I've tried making small talk and socializing but it's like people are annoyed by my presence or something. Like, I'd introduce myself and ask someone what their major is. But then, they'd just give a two-word answer and look away.

Ex:
"Sup dude, what's your major?"
"Business..." (looks away)

This happens so much that I don't think it's a coincidence. I think I give off some loser vibe or something and no one wants anything to do with me.

I've been trying to make friends for 4 years, but I've been failing hard at it. Am I just socially screwed?


----------



## sundays (Jan 11, 2011)

i know exactly how you feel. im extremely weird and people dont want to associate with me. even people who seem friendly and approachable


----------



## Speak English (Dec 28, 2013)

I Lurk Life said:


> I feel like no one wants to talk to me.
> I've been trying to make friends for 4 years, but I've been failing hard at it. Am I just socially screwed?


Here are my two cents as an older person who went through what you're experiencing: Walk away from those who do not value you. If someone treats you with a two word reply, they don't want (or deserve) your continued attention. Find another person. Trust me on this point, there ARE people who will value you. The trick is finding them. Accept nothing less, it will only make you feel like you're currently feeling.


----------



## PoliticNerd (Dec 31, 2012)

Same problem here,but people just doesn't value other people who aren't exact like them ,that is society model . Maybe loneliness make us stronger in our spirit ,but always we are missing somebody and that is sad thing


----------



## Morumot (Sep 21, 2011)

If I knew the answer, I'd tell you. I absolutely suck at making friends myself. Maybe you come off as serious or stuck up?


----------



## Crispy Taco (Jan 22, 2014)

It really depends on how you "carry yourself". If you truly believe that you're worthless and you give off that impression, you're probably going to repel others from you. At the end of the day, you are your own worst critic. If you hold yourself in high regard and exude that through your body language, more and more people may see you as someone that they would like to get to know better. How about joining a few clubs/groups at your school or community to get to know people with the same interests?


----------



## Crispy Taco (Jan 22, 2014)

Crispy Taco said:


> It really depends on how you "carry yourself". If you truly believe that you're worthless and you give off that impression, you're probably going to repel others from you. At the end of the day, you are your own worst critic. *If you hold yourself in high regard and exude that through your body language, more and more people may see you as someone that they would like to get to know better. *How about joining a few clubs/groups at your school or community to get to know people with the same interests?

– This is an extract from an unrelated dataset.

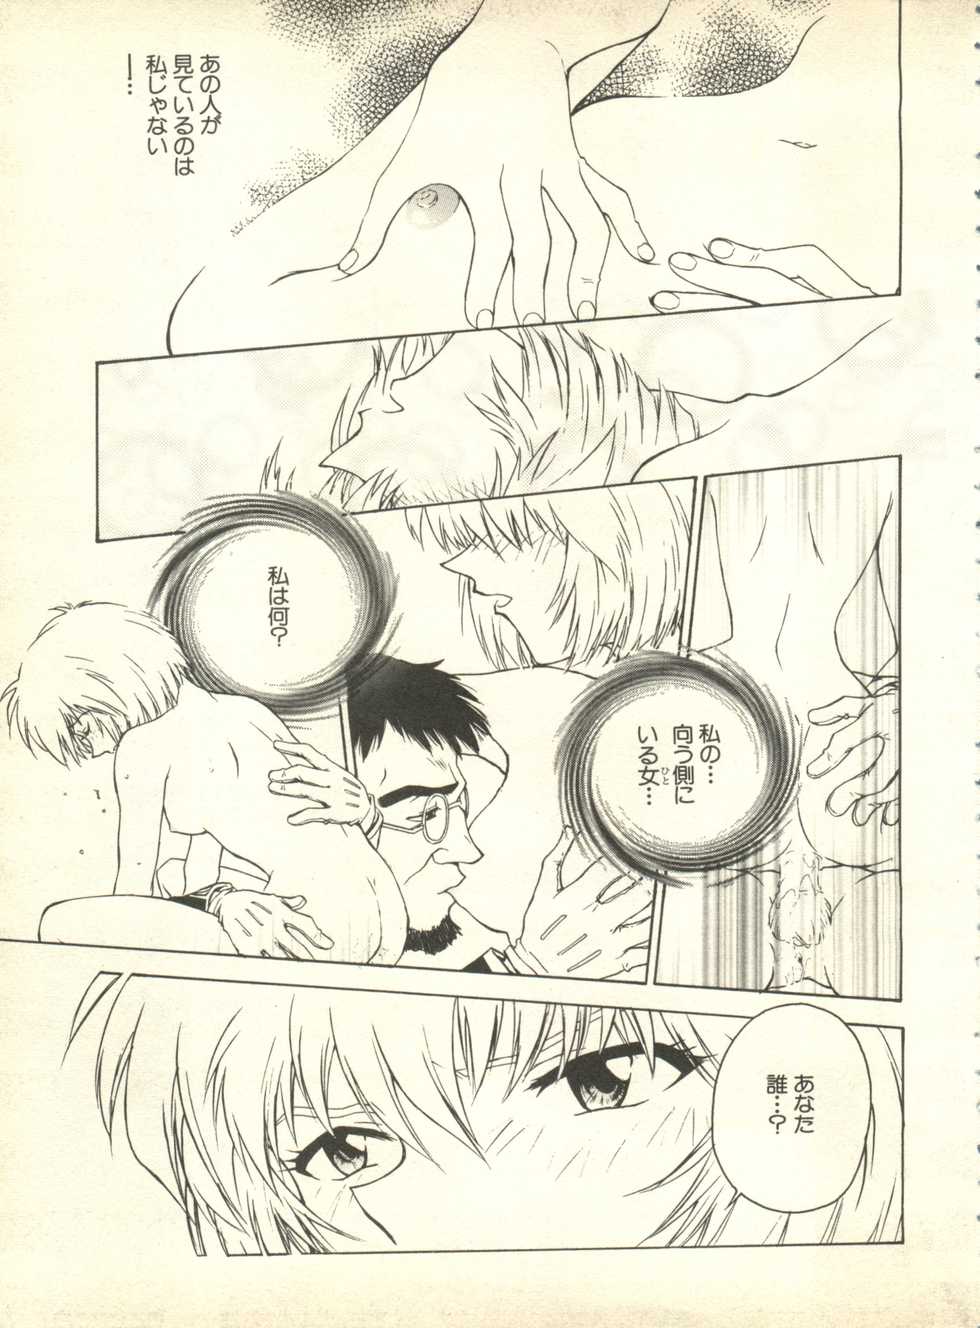 [Anthology] Shitsurakuen 4 - Paradise Lost 4 (Neon Genesis Evangelion) - Page 8

I should probably clarify this statement. I don't mean to tell you to act like a pompous asshat in public, but if you are confident in who you are then others won't care about your supposed "flaws". Like I said before, you are your own worst critic. If you don't care about your flaws, others won't either.


----------



## TheOwlParliament (Jan 26, 2014)

I have had SUCH a hard time making friends in college. I felt like as a freshman, once I got past the "Hi, where are you from? What's your major? etc. etc." I didn't know how to continue the conversation, and it seemed like others weren't interested in getting to know me. It's hard on the self-esteem, but you can't focus on thinking you're a loser. Maybe the majority of people at your school just aren't the kind of people you can easily mesh with. That's my case - I feel so out of place where I'm at, while everyone else knows each other, and even the university itself describes itself as a "family." Hah. Guess I'm the black sheep of the family or something

I know there are people out there that will want to get to know you. You just haven't met them yet. And yeah, four years is a long time to be searching for friends (I myself have been trying for three years) and it can get so, so discouraging. But I believe you just need to keep trying, man. Don't give up - keep putting yourself out there as best you can. It'll happen.


----------



## s0mebody (Mar 30, 2013)

Those people you've talked to are probably jerks. If you talked to me in school, we would be friends immediately. Im usually the shy type at school and no one talks to me. So I would appreciate it greatly if you talked to me.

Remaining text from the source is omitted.